31 Simple Tree Formation Choose a property. The property divides the set of examples up into subsets depending on their value of that property. Recursively create a sub-tree for each subset. Make all the sub-trees be children of the root which tests the given property.

32 Caveat The tree that is formed is highly dependent on the order in which the properties are chosen. The idea is to chose the most informative property first, and use that to sub-divide the space of examples. This leads to the best (smallest) tree.

33 Information Theory The amount of information in a message (Shannon) is a function of the probability of occurrence p of each possible message, namely -log 2 (p). Given a universe of messages M = {m 1, m 2,..., m n } and a probability, p(m i ), for the occurrence of each message, the expect information content of a message M is: I[M] = ( ∑ n i=1 -p(m i ) log 2 (p(m i ))) = E[-log 2 p(m i )]

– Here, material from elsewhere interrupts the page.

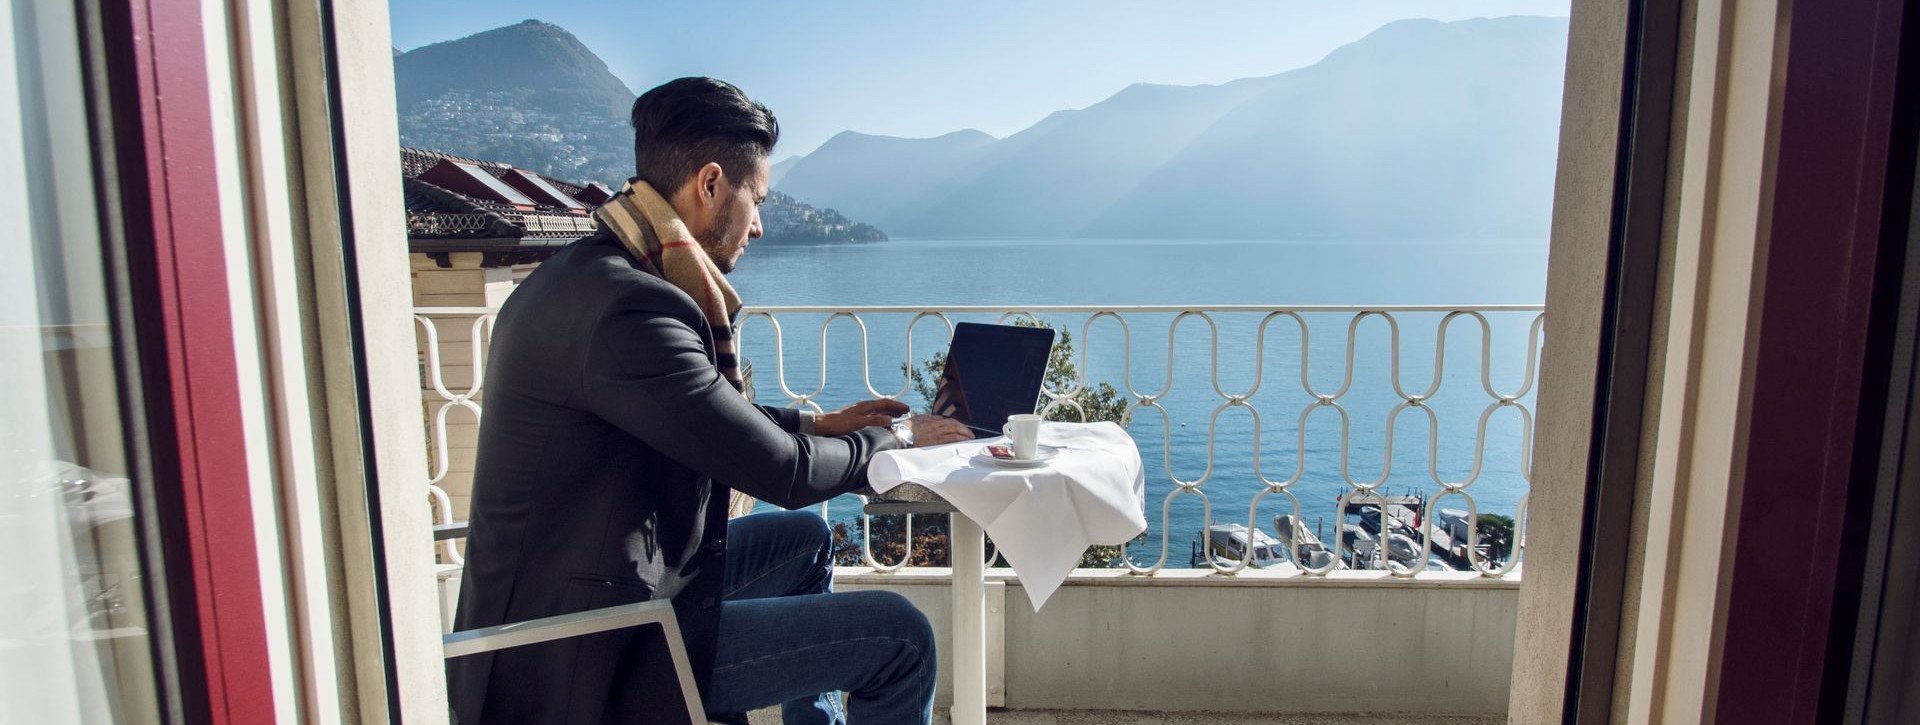 A man works on his notebook on the balcony with lake view

34 Choosing the Property The information gain provided by choosing property A at the root of the tree is equal to the total information of the tree minus the amount of information needed to complete the classification of the tree. The amount of information needed to complete the tree is defined at the weighted average of the information in all its subtrees.

35 Choosing the Property (cont'd) Assuming a set of training instances C, if we make property P with n values the root of the tree, then C will be partitioned into subsets {C 1, C 2,..., C n }. The expected value of the information needed to complete the tree is: E[P] = ∑ n i=1 |C i | / |C| * I[C i ] and the expected information to complete the tree is: gain(P) = I[C] - E[P].